The Northern Lights, how to find and photograph them

The Northern Lights, how to find and photograph them

One of the main reasons why I wanted to visit Iceland was the Aurora Borealis, and this is why I was pretty scared of going in the end of February, when the Spring already starts to come and the nights get shorter.

To see the Northern Lights you will need long dark nights, with a clear sky, so winter is obviously the best period to be sure to find them. Despite this we have been quite lucky, experiencing their amazing view 6 out of 9 nights we spent on the island.

But I have to say that at the beginning none of us sounded this exited and we were rather disappointed on our second night, when taking a picture of a completely black sky, with only a couple of clouds showing, everything appeared to be green in the photo.

Yes, because you have to know that with a long exposure shot, the camera lens can catch way more light that our eyes can during the night and this is why the colours of the aurora were showing in the picture but they were impossible to see for us.

That night I feared that all the pictures of the aurora I have seen in my life were just a technical artifice and that I would never see such an amazing view in real life.

Luckily I was wrong, in that case the only problem was that the northern lights weren’t that strong and in fact in the pictures you can see that they looked more like a green diffused light (made stronger by the long exposure of the camera) rather than clear stripes moving across the sky like we are used to see the aurora represented.

Looking back at my experience in photographing the aurora, I realised how much reading about it didn’t really help until I was there with the northern lights in front of me and I had to adjust my settings in order to get the best results possible.

The first thing that made the whole process quite hard was the wind.

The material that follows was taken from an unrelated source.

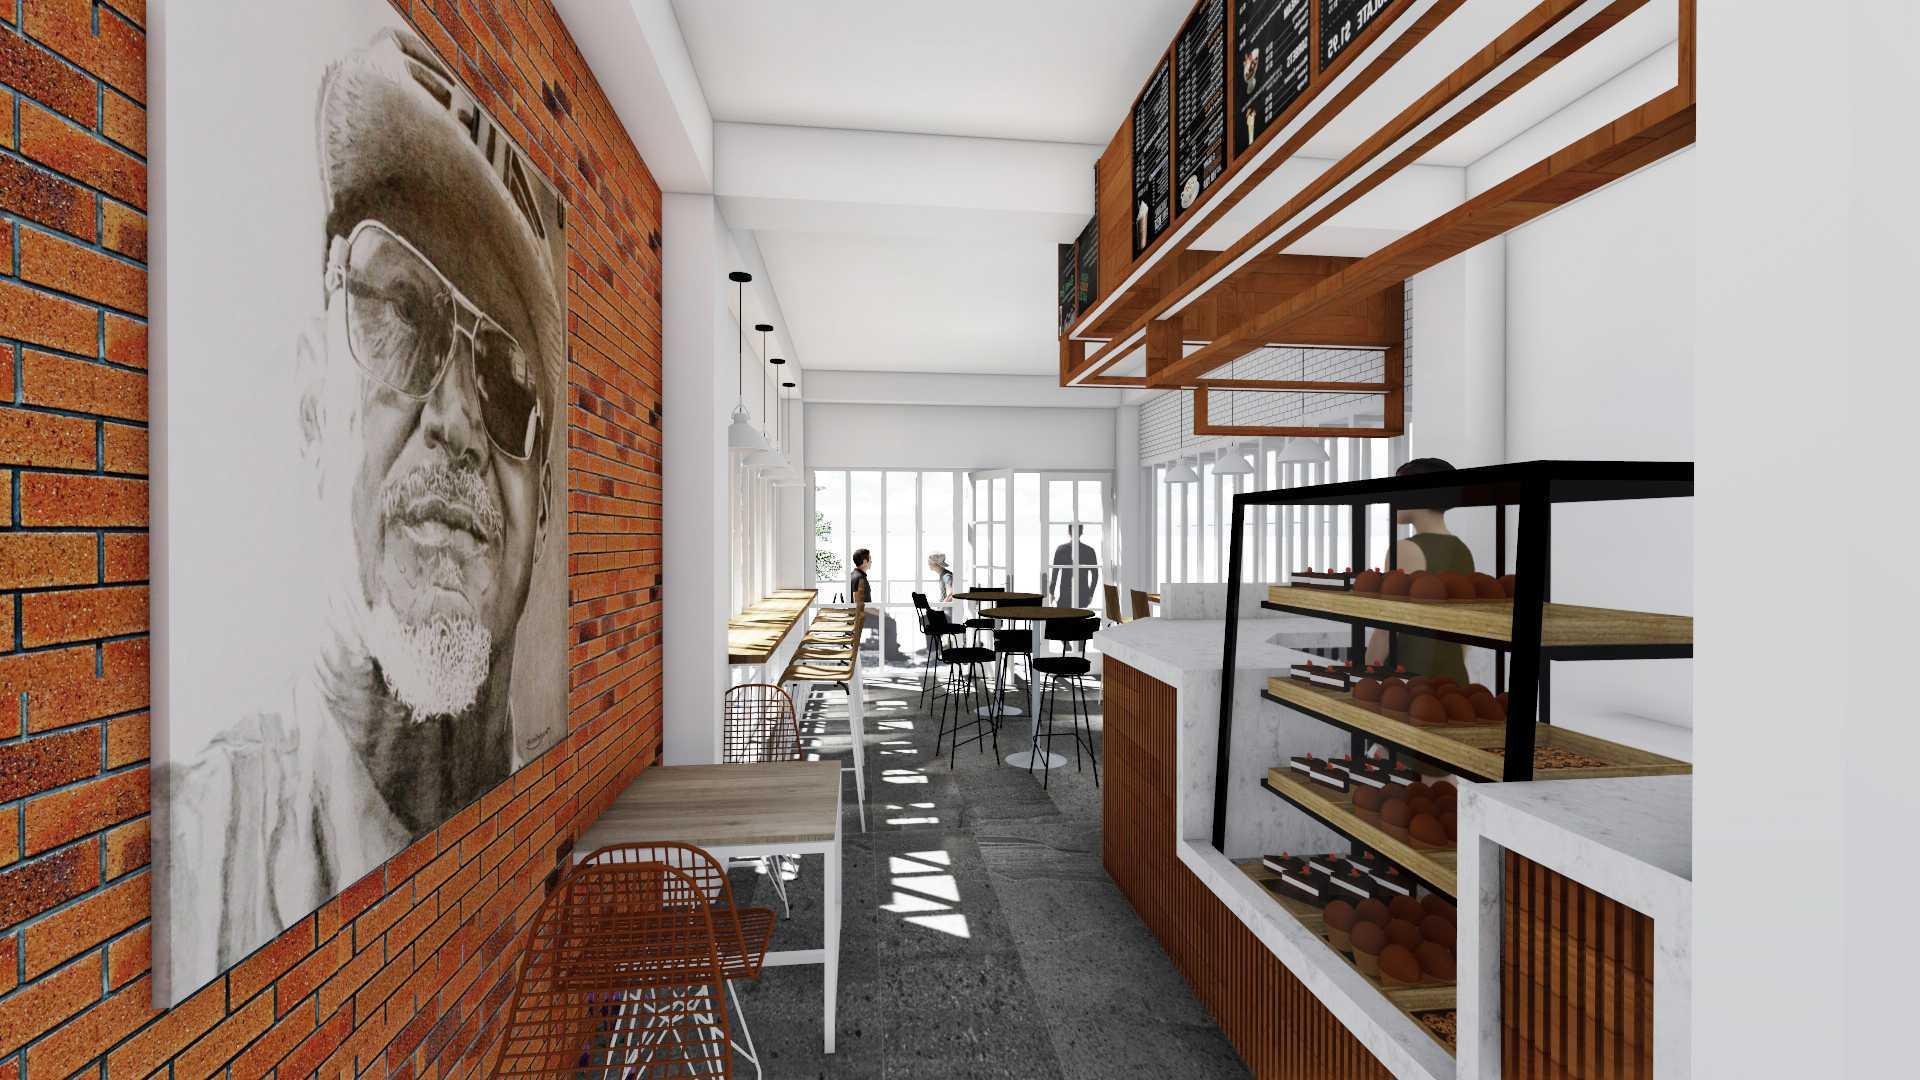 Astabumi Studio Institut Kopi Tegal Tegal, Kota Tegal, Jawa Tengah, Indonesia Tegal, Kota Tegal, Jawa Tengah, Indonesia Astabumi-Architect-Interior-Design-Institut-Kopi-Tegal  83520

If you are planning in visiting Iceland you have to know that the wind can be amazingly strong, we saw cars with windows that had been broken after being hit by the stones brought by the wind, this is why you have to be extremely careful and have to be sure your tripod is stable and strong enough to resist to it.

Then the things get even worse if you are trying to get a self-portrait, because of course you will have to leave your camera standing by itself on the tripod while you wait in front of it for the photo to be taken. I solved this problem hanging a weight at the hook at the bottom of my tripod, but still, take attention to it!

Still speaking about technical issues, to obtain the best result possible I would advice you to use the manual focus, thing that can be made quite difficult by the fact that you will be shooting at night, with not many reference points clearly visible on your screen.

Because focusing to the infinity(turning the focus ring of the lens until its very end) never gets you to have a sharp sky, some people advice to focus to the furthest thing you can see (for example a mountain) during the day and then sign with a pencil or a piece of tape the focus point on the focus ring to be able to find it again at night. I still never tried this technique but I simply focused zooming on a bright star to make sure it was on focus and made several attempts until I was completely satisfied.

Another thing I already mentioned is the forecast, because if there are any clouds in the sky you won’t be able to see the northern lights clearly, so before leaving for a night hunt be sure you check the weather conditions because it could result in a complete failure.

Indeed, it is really important to find the right spot to see the northern lights. It will be extremely rare you will be able to see them from towns or cities so I would advice to go looking for them by car or sleeping in a champing spot or cottage far from the busiest centres (the buildings’ light pollutions will made it harder for you to see the aurora).

From my experience I can say the two best nights we experienced the view of the northern lights were the one spent in Laekjarkot Rooms and Cottages (1 hour and 20 minutes from Reykjavik) and the one we were coming back from Reykjadalur (45 minutes from Reykjavik), just at the bottom of the valley.

View from Laekjarkot Rooms and Cottages
View from Reykjadalur

Being outside in the wild can also help in another aspect of building your photograph. In fact one of the things you should keep in mind is that your picture will be way more effective if you manage to include some landscape in it instead of the “mere” aurora. You can find many examples on internet, you can try with some trees, with the mountains, if you are on the beach you will get some amazing shots of the sea lighted up by the northern light. Just don’t limit yourself pointing your camera to the sky, try to use the environment that surrounds you or even your own figure (I saw some pretty amazing photographs of people lighted up by the photographer using a torch while the long exposure shot was taken).

Last but not least, think of the aurora not just as “light” but as something that goes with the wind. It moves a lot and way faster than you can think. You won’t always have all the time you need to change your settings or to reframe your picture so you have to adjust your technique to be quick enough to keep up with her.

Picture taken at 00.16.44
Picture taken at 00.17.52
Picture taken at 00.19.48

And of course take your time to put the camera in your bag and just enjoy the view, because I can guarantee that it is a show you will never get tired of!